Дни в августе коротки. Начинало темнеть, накрапывал мелкий дождик. Юля сидела на скамейке у памятника Кутузову. Девушку занимал один из вечных вопросов: что делать? Она подняла глаза на фельдмаршала, будто он мог подсказать ответ. Хорошо ему жезлом размахивать, думала Юля, кутаясь в куртку. Ей хотелось, чтобы подошел кто-нибудь сильный и добрый и решил все ее проблемы. Встретить бы опять Осипа и попросить о помощи, мечтала девушка. Но на звонки он не отвечает, звони не звони. Юля уже раз десять набрала его номер, тот все время был недоступен.
Когда она вышла за дверь «СОНа», почувствовала на себе чей-то взгляд. Замдиректора провожает глазами, не сомневалась Юля. Ждет, что я обернусь, чтобы увидеть кисляк на моем лице. Хренушки вам! Юля расправила плечи и гордо устремилась вперед.
И сейчас ей снова почудился чей-то сверлящий спину взгляд. Она вздрогнула раньше, чем услышала совсем рядом хриплое: рублем не выручишь?
Перед ней предстало небритое косматое существо в замызганной одежде, от существа несло помойкой. Забыв об усталости в ногах, Юля вскочила с места и понеслась прочь. Перевела дух на эскалаторе, спускаясь в метро. На станции было сухо и светло, и там стояли скамейки, на одну из них она приземлилась. В рюкзаке лежали кроссовки, переобуться бы в них, но где тут переобуешься? На станции, при всех? Что люди подумают?! Юля, как большинство провинциалов, очень зависела от мнения окружающих. Ей казалось, что все на нее смотрят и оценивают.
Прибывали и отправлялись поезда, на станции то становилось многолюдно, то пустынно. И все равно кроме Юли на платформе всегда кто-нибудь оставался. Девушка начинала чувствовать себя неловко от того, что она давно тут сидит и никуда не едет. Как бомжиха! Чтобы чем-то себя занять, она полезла в рюкзак. Рука нащупала асимметричную, грубой работы фигурку. Юля извлекла ее из рюкзака и стала разглядывать. Ничего привлекательного в ней девушка не находила: на толстой шее большая уродливая голова, ноги-копытца, огромный живот, правая рука, как у мутанта, левой – нет. Непропорционально большие глазища куклы делали ее похожей на инопланетянина. Юля и не заметила, как стала погружаться в эти лишенные зрачков глаза. Голова ее закружилась, на мгновение стало темно, и в этой темноте звездочками вспыхивали образы. Сначала появилась Сашка. Она, как обычно, была серьезной и молчаливой. Затем возникло лицо матери. Мама, напротив, тараторила без умолку. Куда же ты так далеко собралась?! А жить где будешь? Сашка тоже в Питер подалась, так с нее хоть толк вышел, а ты? Зайди к ней, когда припрет. Она поможет, не чужая ведь.
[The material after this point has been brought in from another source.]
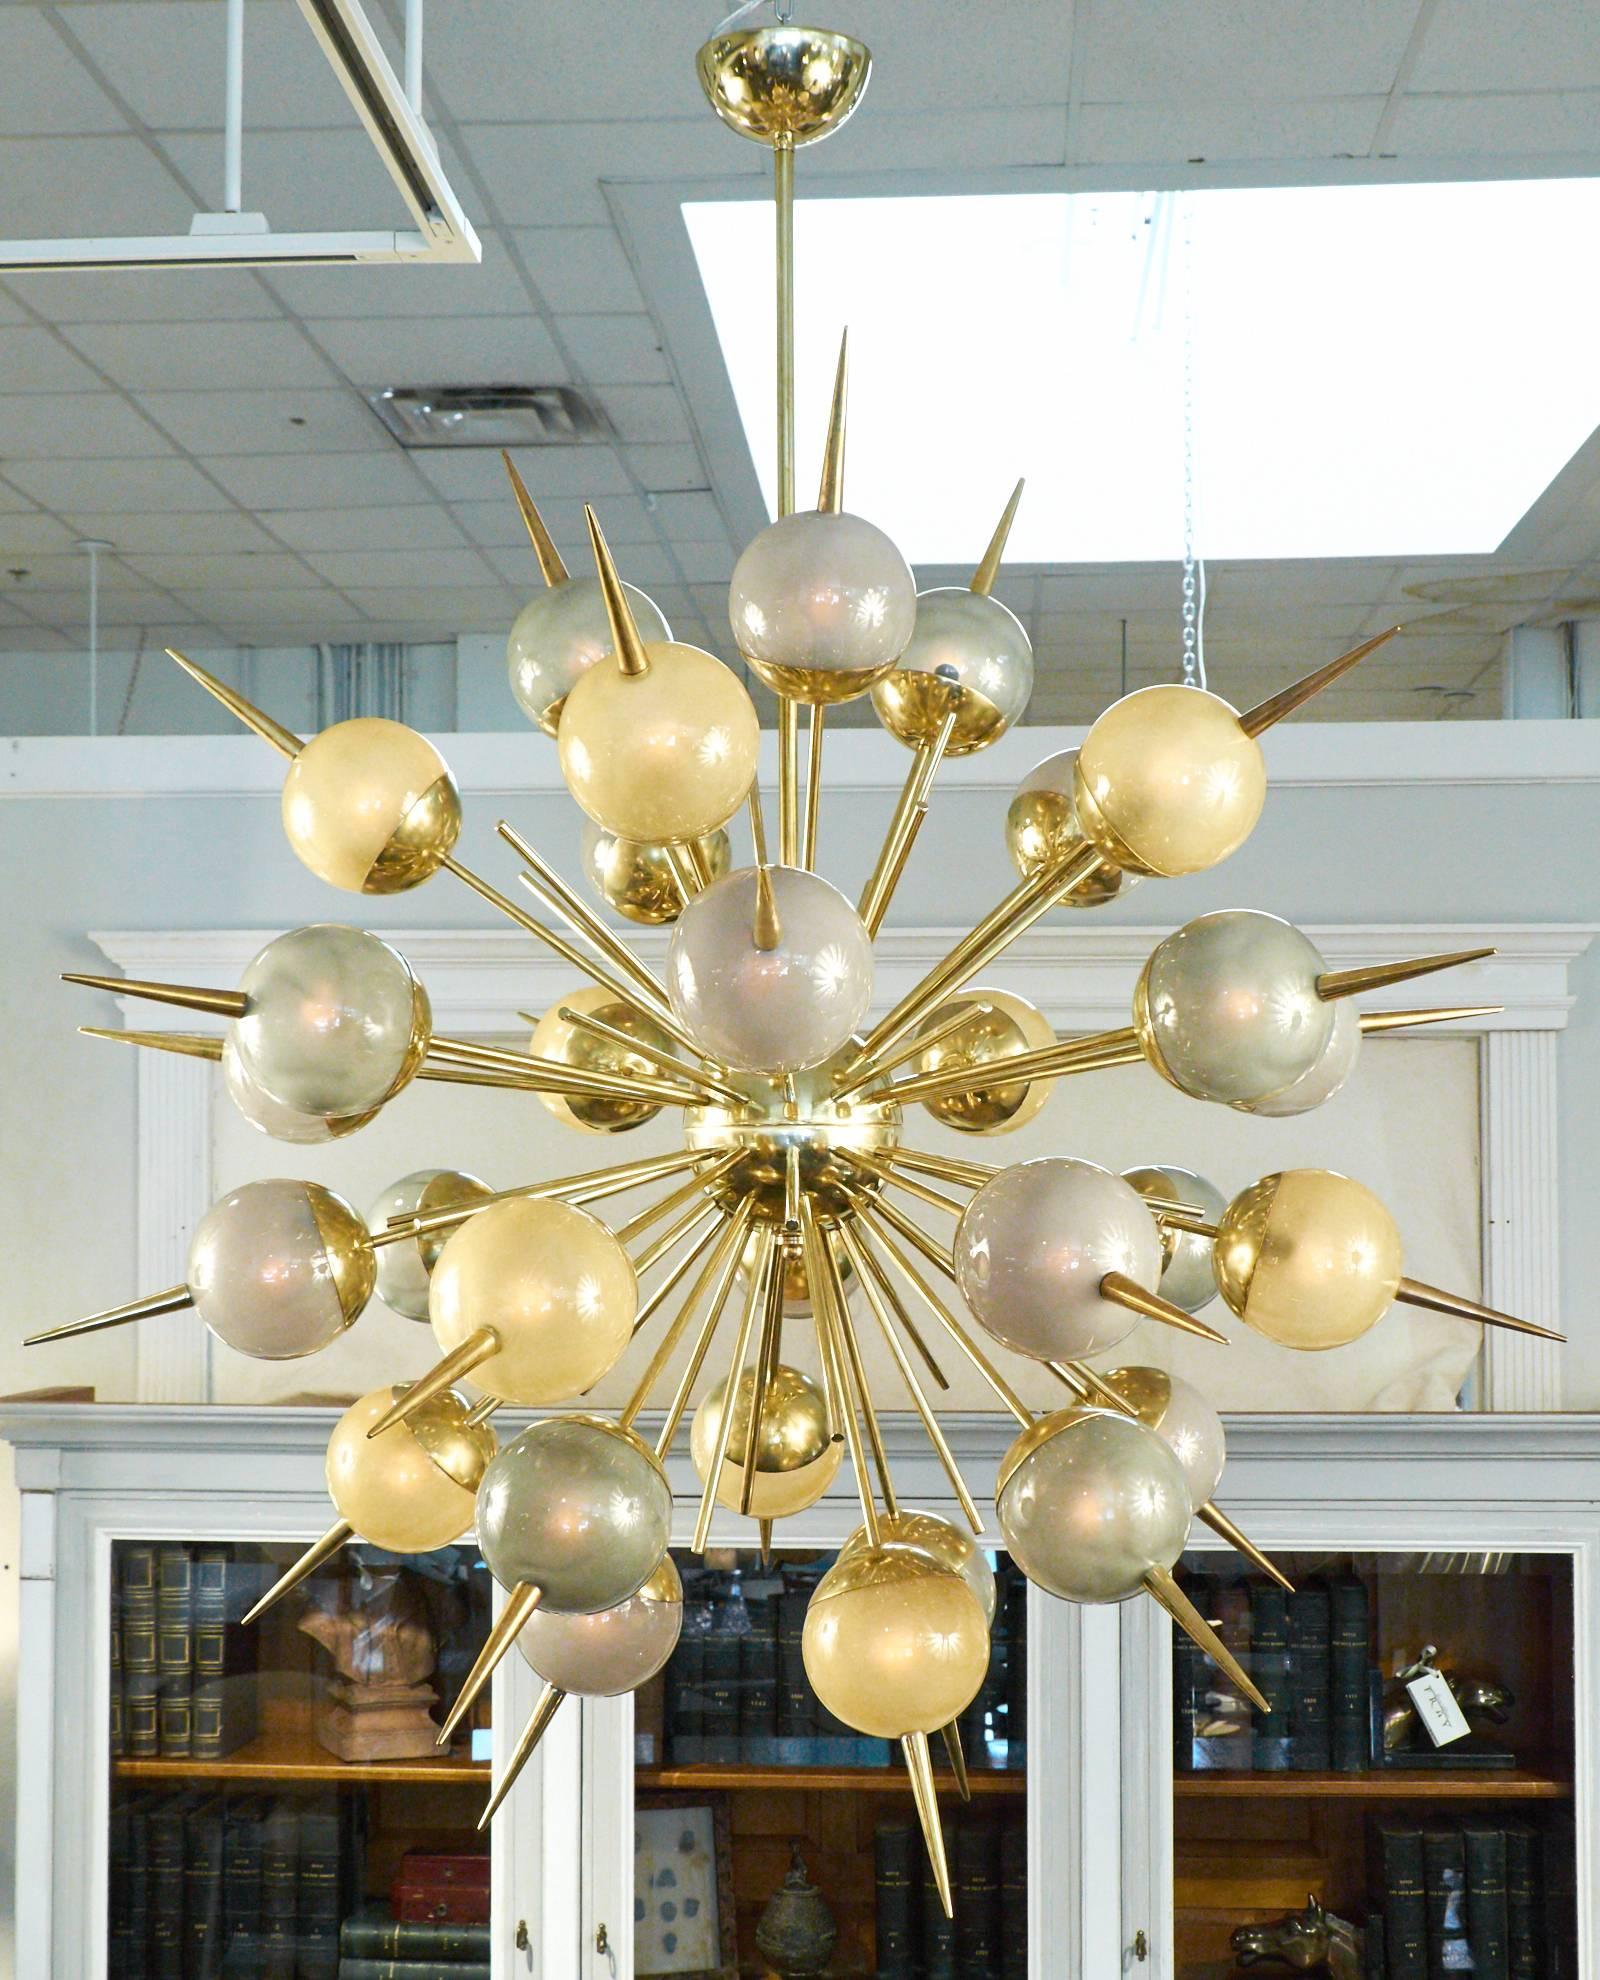 L'étonnant lustre de style Sputnik en verre de Murano et laiton avec un ensemble de 30 globes en verre de Murano doré, vert et violet sur des tiges en laiton massif. Chaque globe est éclairé de l'intérieur par une ampoule à culot candélabre. Rewired

Сашка! – осенило Юлю. Мать как напророчила своим «припрет». Она перед отъездом написала Сашкин адрес и телефон. Юля ту бумажку оставила дома, не понадобится, думала. Адрес, какой же был адрес? Девушка напрягла память. Улица какая-то респектабельная. Яхтенная! Да, у Сашки Яхтенная улица и дом… дом, кажется, шестой. А квартира, как у Лерки, сорок седьмая – это она хорошо помнила. Осталось только узнать, где находится эта Яхтенная. Там же, на станции, Юля нашла карту города. Где-то на самой окраине, совсем не в респектабельном месте, вдали от метро дугой извивалась улица с респектабельным названием Яхтенная.
Кляня богом забытый район, Сашку, которой вздумалось в нем поселиться, пустырь, по которому приходится идти, и проливной дождь, Юля ковыляла к намеченной цели – виднеющимся вдали очертаниям жилого массива. Под ногами чавкала мокрая трава, каблуки вязли в грязи, едва не ломаясь. Юля смертельно устала и не имела сил даже на то, чтобы поостеречься шагавшего сзади нее мужчины.
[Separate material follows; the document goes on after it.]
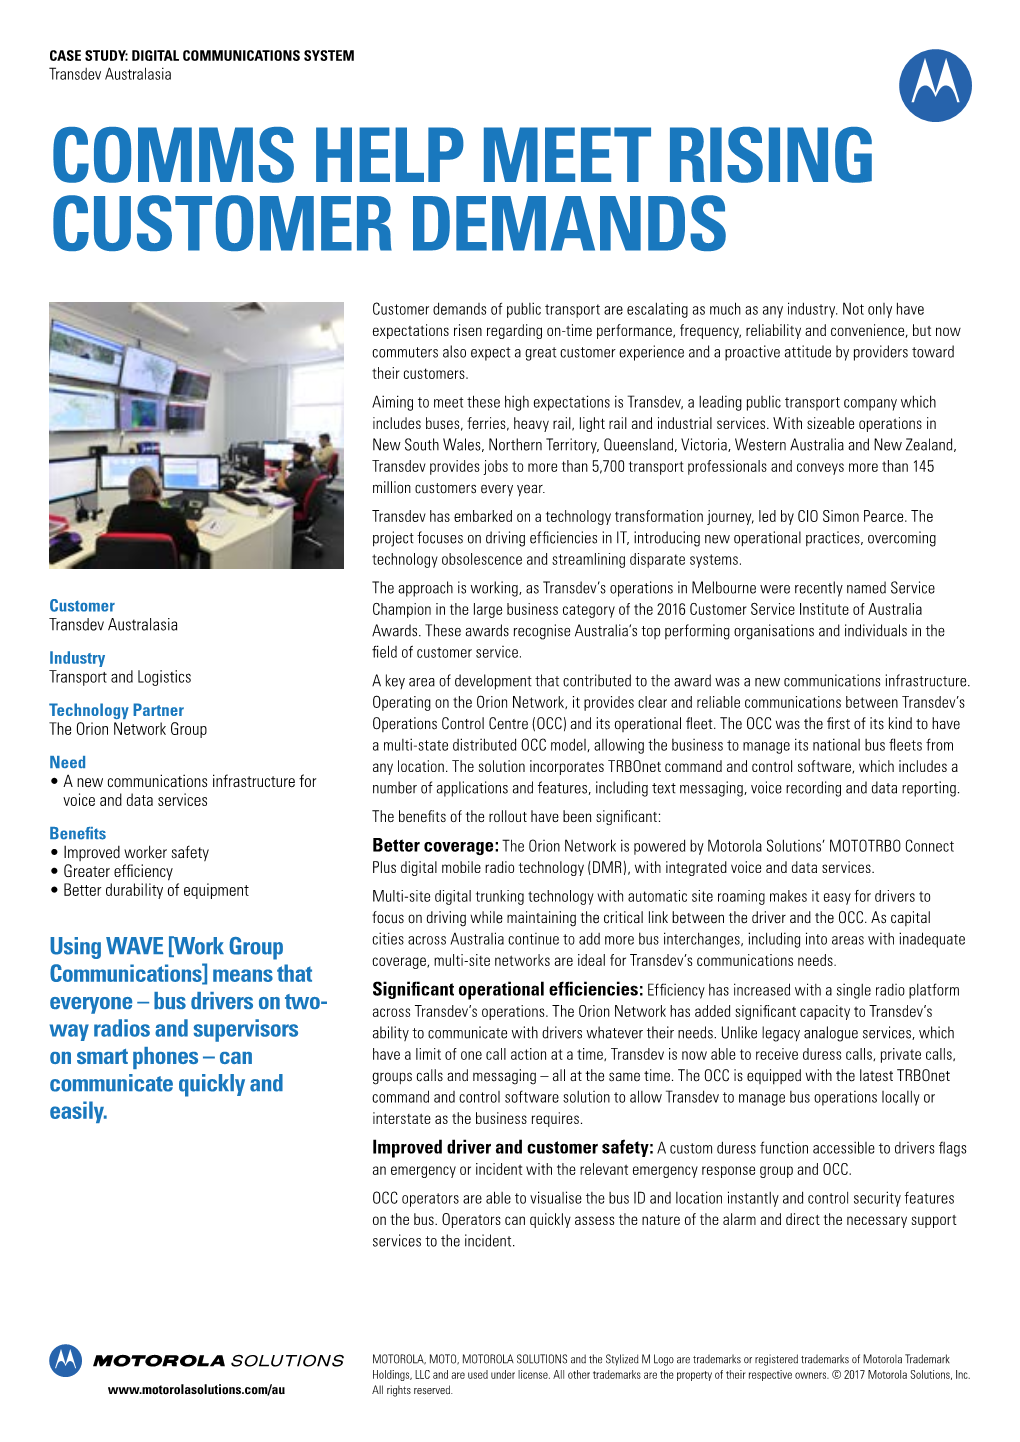 Comms Help Meet Rising Customer Demands

Та злополучная ночь с шестого на седьмое августа сделала крутой вираж на ее и без того неровном жизненном пути. Юля впервые это осознала, когда в пятом часу вечера спускалась по лестнице, покидая квартиру Олега. У своего нового знакомого девушка провела неполные сутки, и если бы ему не надо было в скором времени отправиться по делам, Юля у него осталась бы. Олег не предложил гостье подвезти ее или хотя бы вместе выйти из дома, и это наводило на мысль, что ее вежливо выставляют за дверь.
На всякий случай еще раз заглянула на четвертый этаж – к Саше, – подошла к металлической двери, прислушалась – тишина. Позвонила. Никто не подошел и не открыл.
Куда идти теперь? Что делать? Хоть оставайся здесь, на этой голой лестнице, с ее смесью запахов псины и плесени, и до второго пришествия жди появления Сашки. Но это же так противно и унизительно – сидеть под дверью, как собачонка! А еще тут ее может найти тот страшный человек, что был на пустыре. А вдруг он заметил, в какой дом она забежала, и будет здесь ее искать. Он ведь псих ненормальный, не успокоится, пока не совершит задуманное. При этой мысли Юля поежилась. Перед ней возникло перекошенное злобой лицо и тянущаяся к ее горлу рука.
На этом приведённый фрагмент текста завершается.